In other words, women belong in the home because of evolution. That cannot be proved, of course, but it's enough if women believe in it, because then they will stay at home. Or will feel guilt for not doing so.
I am bored with these kinds of stories as is pretty apparent from what I wrote above. The reason is this:
Not all women are ambitious in the job sense. Not all women want those kinds of jobs. But then neither do all men. The society condones the lack of ambition in women but disapproves of it in men. Thus, the number of men who would report a desire to be a stay-at-home-dad will probably be lower than the number of men who really would prefer to be a stay-at-home-dad, and to some extent the reverse is true for women.

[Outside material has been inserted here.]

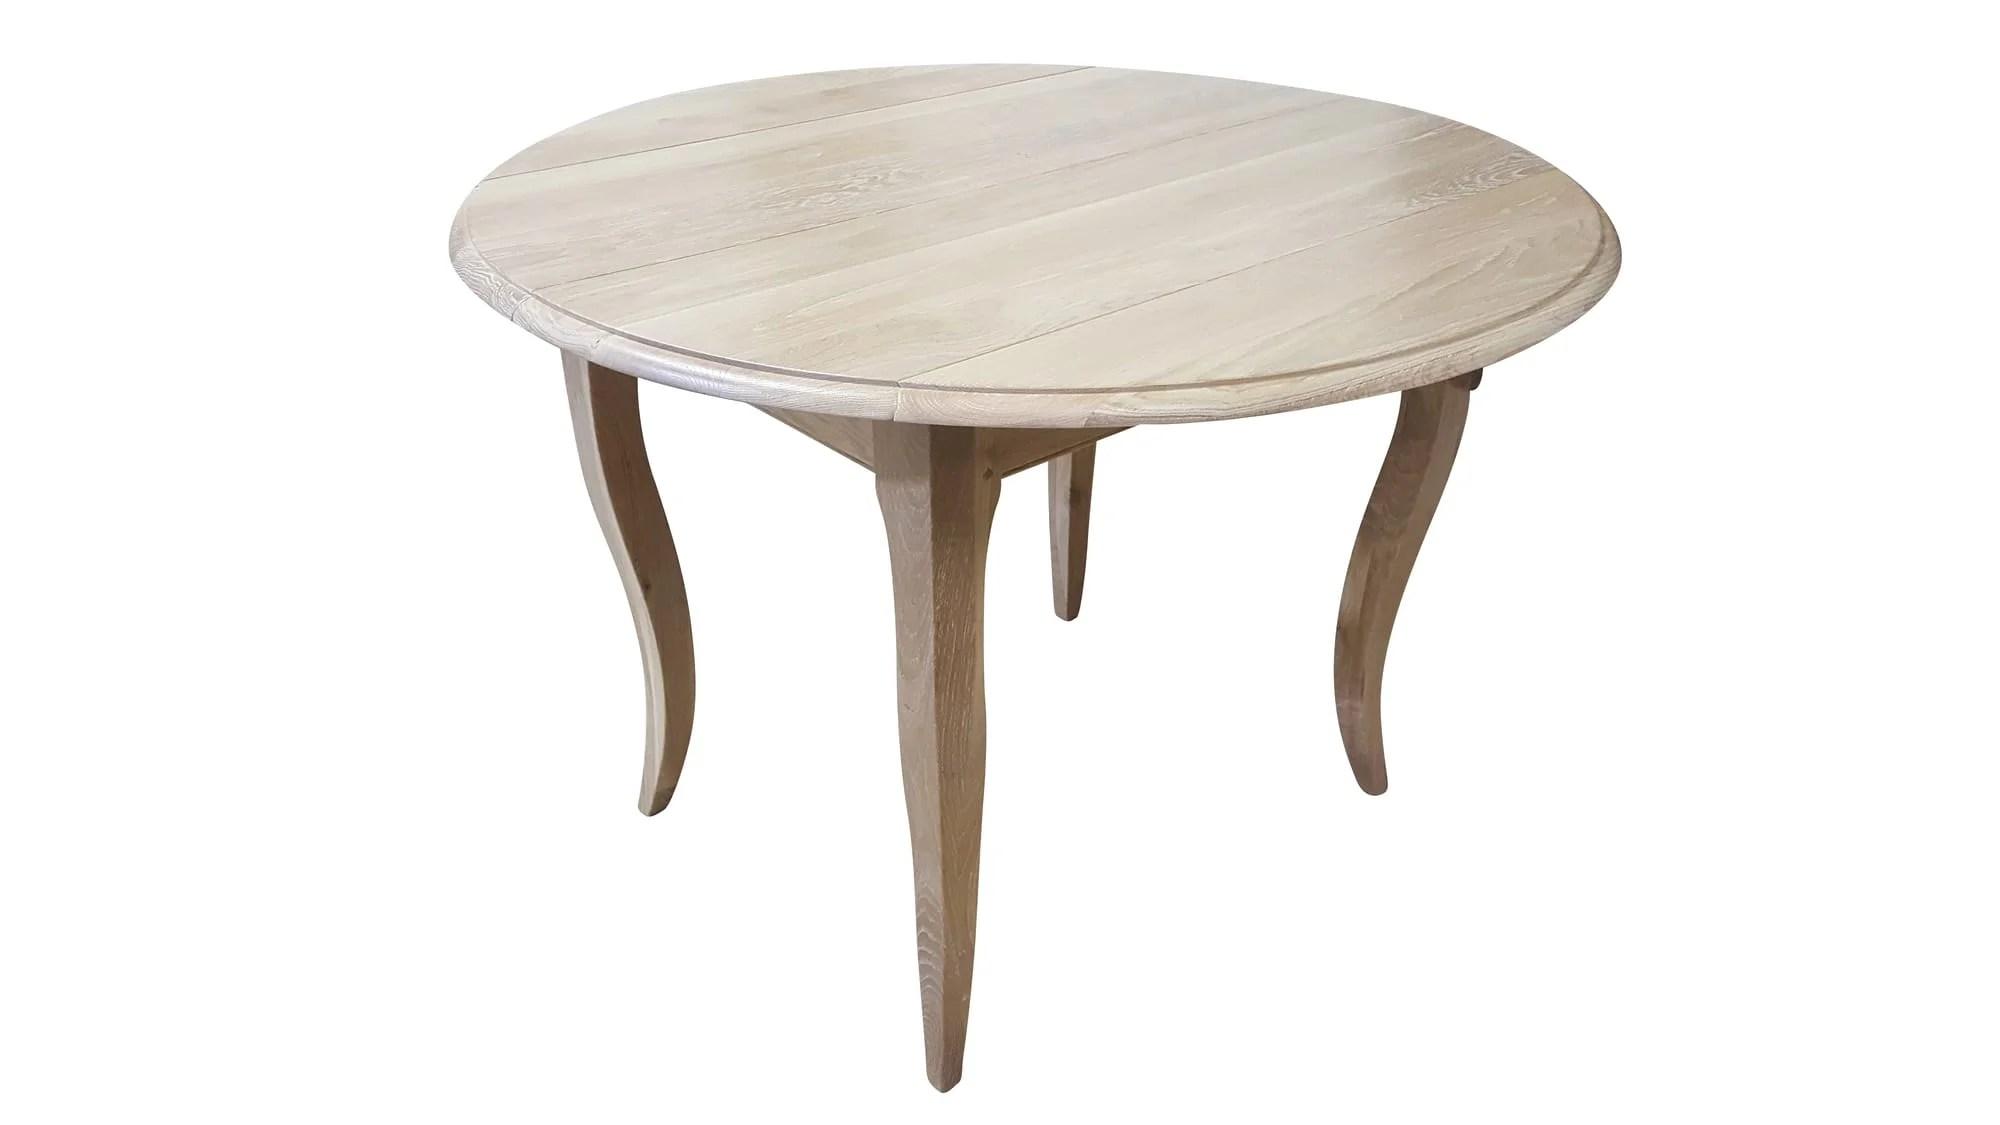 Table Ceruse Blanc Beautiful Vdf Crus Blanc White Cruse With Table Ceruse Blanc Table Ceruse

The point is that we have different talents and different desires. And the previous paragraph could equally well have been written by saying that not all women are suited to taking care of small children or wish to do that full-time, even if they love their own children more than anything in the world. And the same applies for men. And so on.
But the stories are not written that way. They are written to apply to all women on one side, and all men on the other side. Thus, all men obviously somehow wish to work in the labor force 24/7 and all women obviously get kidnapped by their maternal instincts and toss their jobs overboard if they possibly can.
Thus, the basic setup is this: Men will work in the office or the factory or in the fields 24/7, no matter what. If that is taken as a given, how should women behave?
The other reason I'm utterly bored with these kinds of stories is that the way labor markets are arranged is kept as the invisible elephant in them. Those stresses the article speaks about are arranged stresses, largely caused by impossible expectations about working hours and the absence of good childcare and proper vacation time.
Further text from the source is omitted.